Despite the significance of our work, there are certain limitations that should be acknowledged. Firstly, the study was conducted at a single centre in Uppsala, Sweden, which may limit the generalizability of the findings to other healthcare settings. Furthermore, the analysis was based on data from a one-year time window, which may not fully capture long-term trends and variations in the ED workflow. It is relevant to note that the available data lacked detailed clinical variables, such as blood test results, and the level of granularity regarding the decision-making process by clinicians was limited. This relied on the fact that the analysed records were health care production data. This enrichment of the data information would be beneficial for the improvement of multivariate regression models for the length of stay since the current information is confounded by the saturation of the system.

Moreover, the discussion and expert input primarily involved clinical practitioners, and no other stakeholders and actors in the healthcare system. The absence of comprehensive discussions with external stakeholders, such as policymakers, administrators, and patients, may have limited the breadth of insights and potential solutions generated from the analysis.

It is essential to recognize these limitations as they highlight the need for future research to address these gaps. This could include conducting multi-centre studies to validate the findings across different healthcare contexts, extending the time window of analysis to capture long-term dynamics, and enhancing data collection efforts to include more detailed clinical variables. Additionally, engaging a broader range of stakeholders in the analysis and decision-making process can lead to more comprehensive and impactful strategies for addressing the challenges faced by EDs and improving overall healthcare delivery.
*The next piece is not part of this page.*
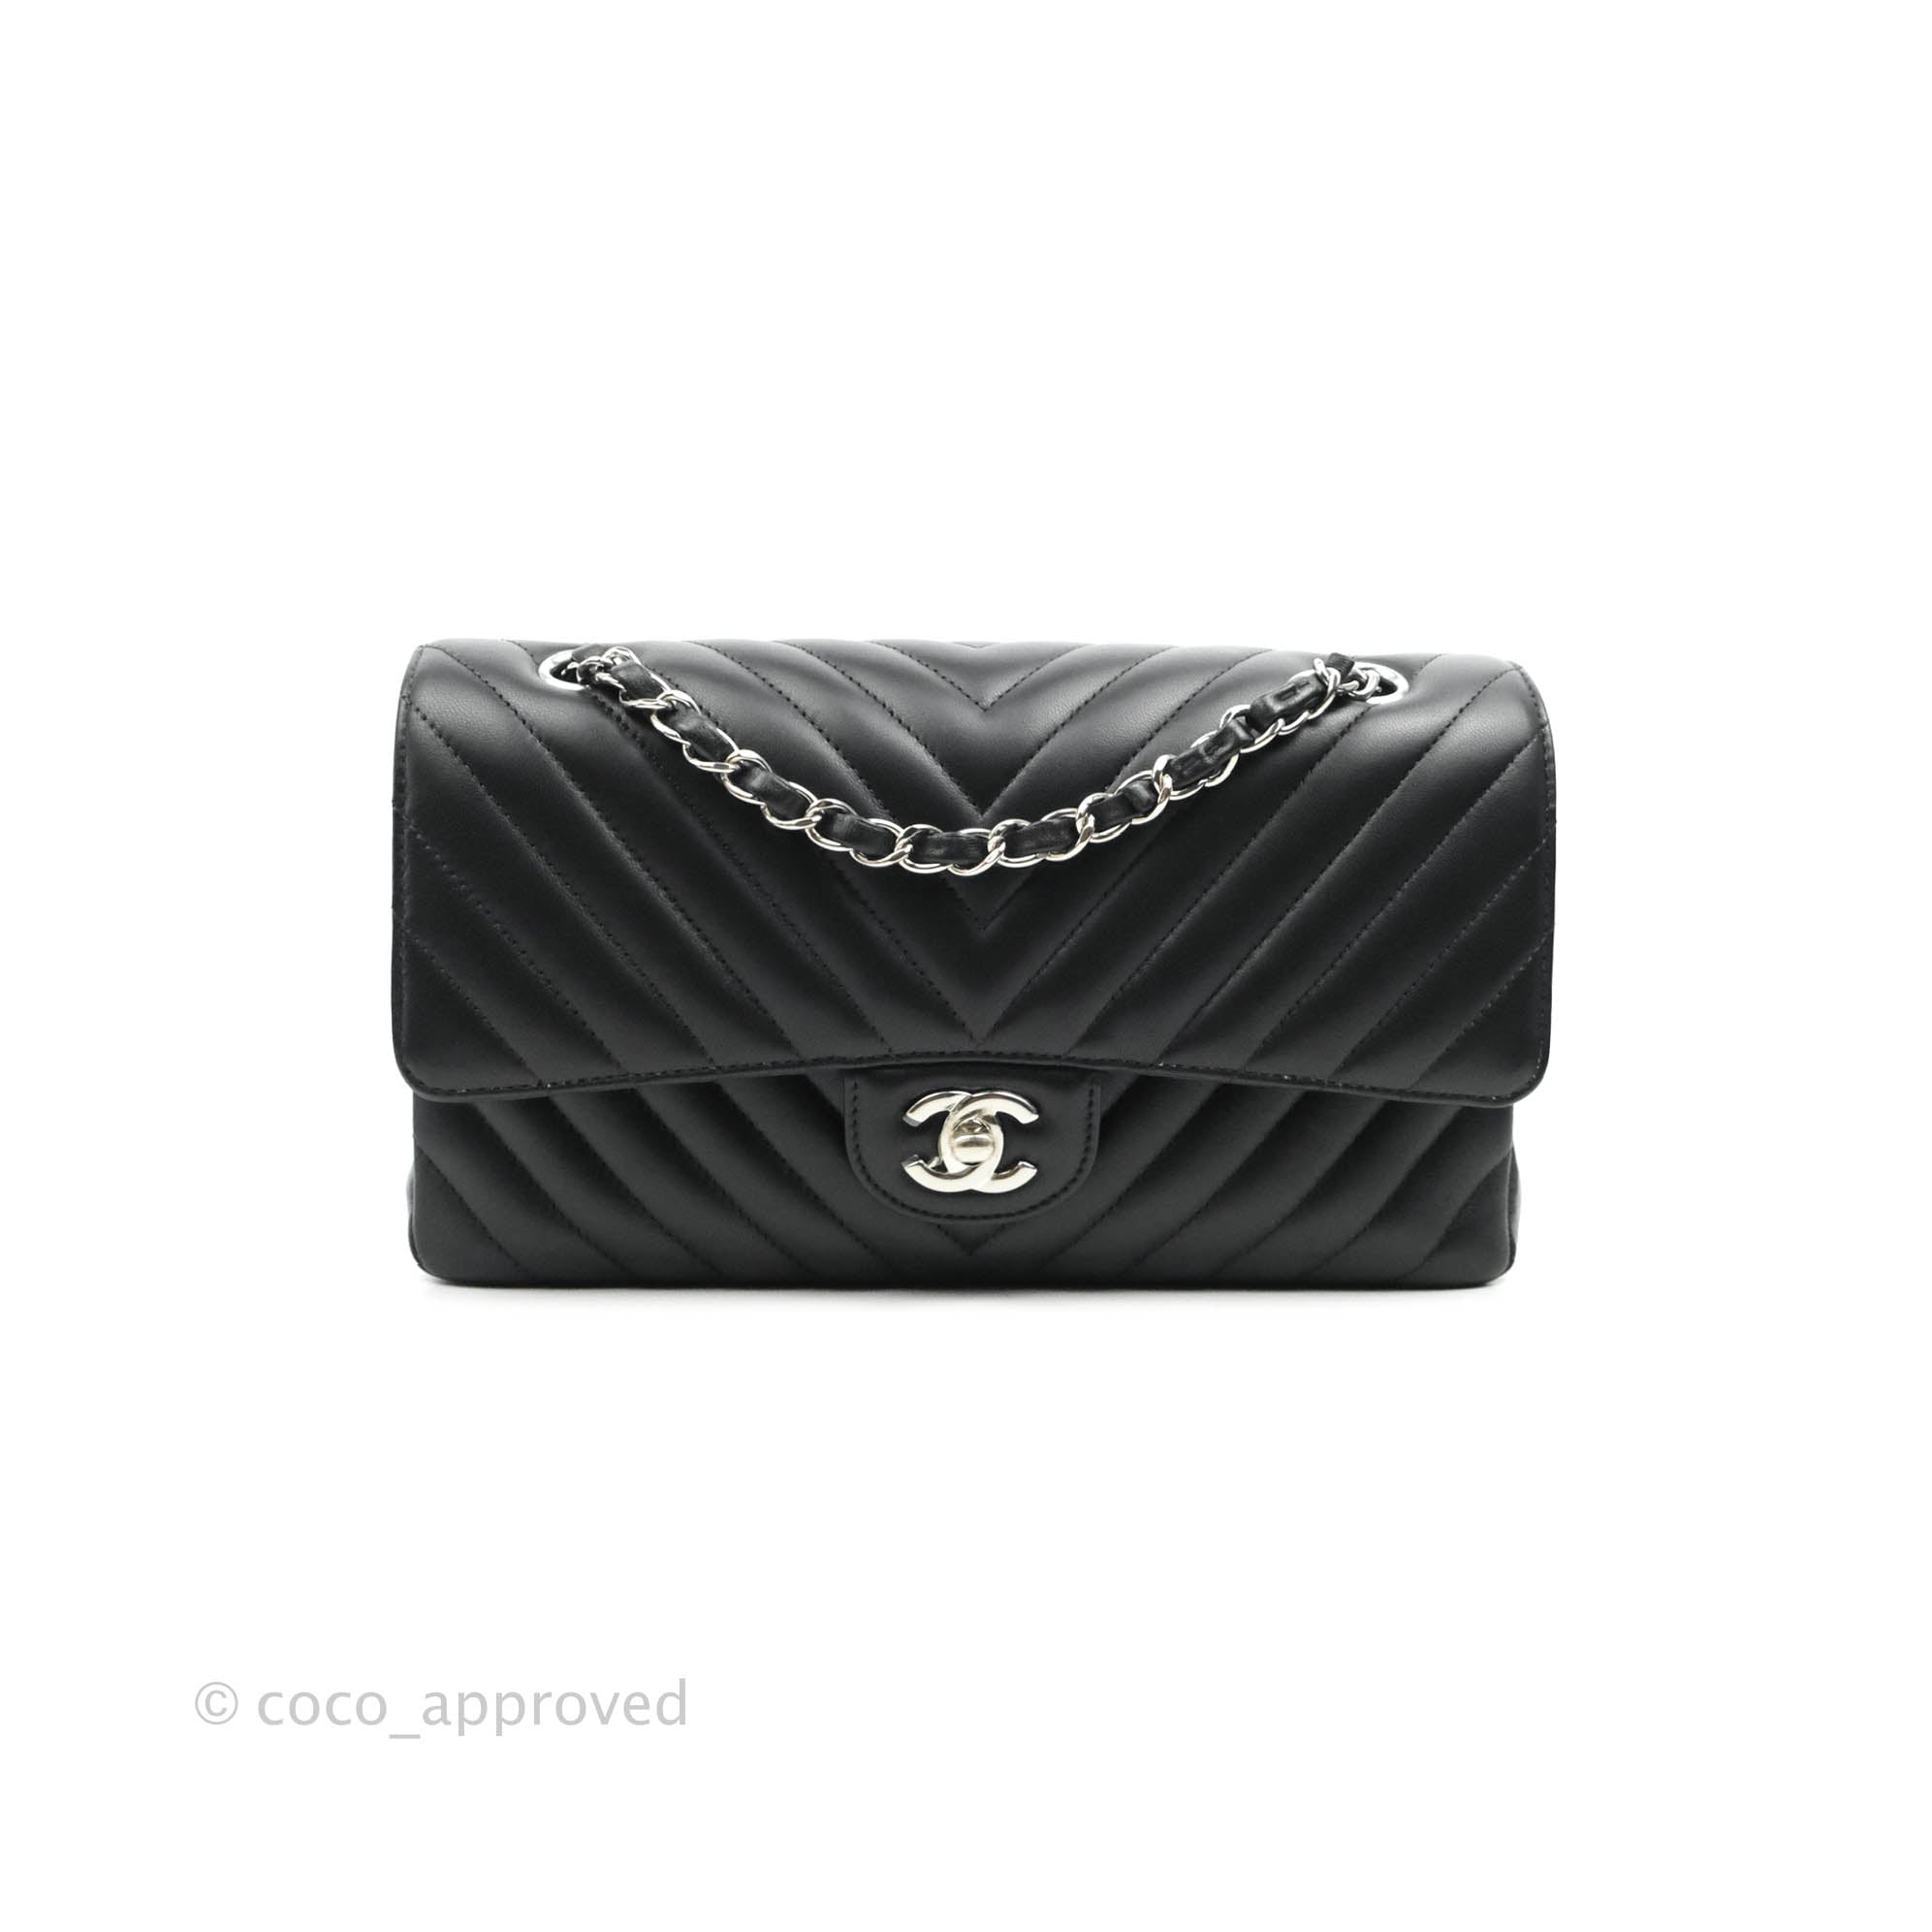 Chanel Classic Small, Beige Chevron Matte Caviar with Gold Hardware, New in  Box WA001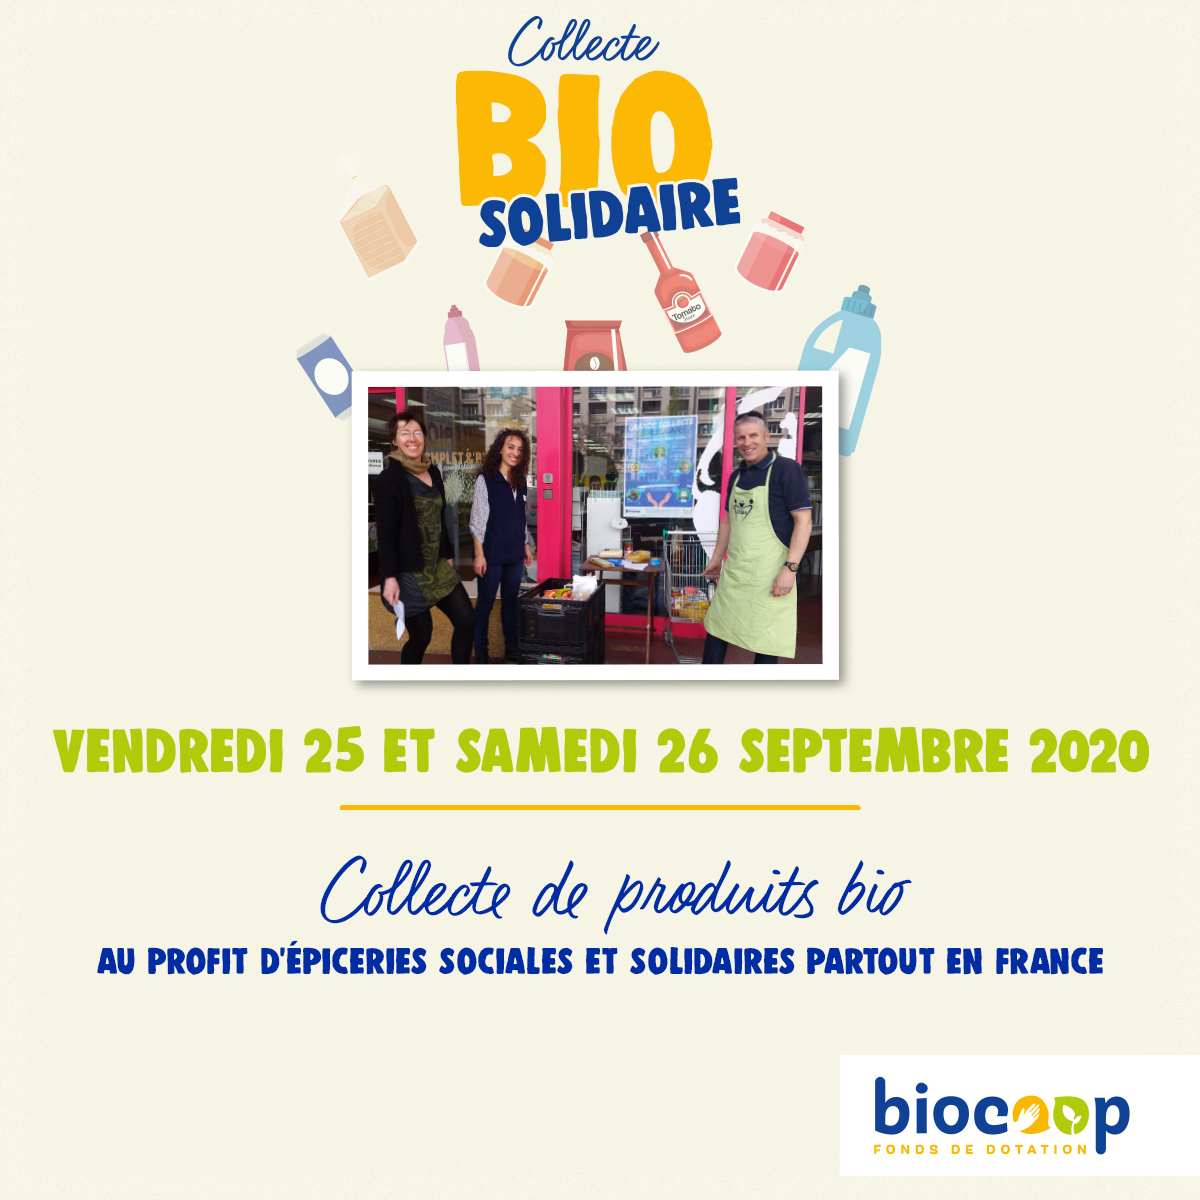 Collecte Bio Solidaire les 25 & 26 septembre au profit de L'Esperluette

As mentioned before, overcrowding in EDs is an international problem1,6, and that regardless the massive quantity of works aimed to operational research there is still a lot of work to do to solve this problem21,22, especially in the current discussion on real-world evidence and healthcare data19,26,75. In the current discussion regarding data-driven healthcare in international settings, our pipeline could be interesting to implement for participatory approaches and to facilitate discussions about the problem from the perspectives of different healthcare policies.

Conclusions

Our analysis reveals insights into ED overcrowding and enables to identify systemic issues and directions for solutions. The whole systems perspective opened the scope to the boundary effects of inflow and outflow of the ED inside the hospital. Finally, our approach demonstrates that to enhance and unlock the potential of real-world data in studying ED overcrowding challenge we need to look to systems beyond the walls of the ED and the hospitals to solve this problem.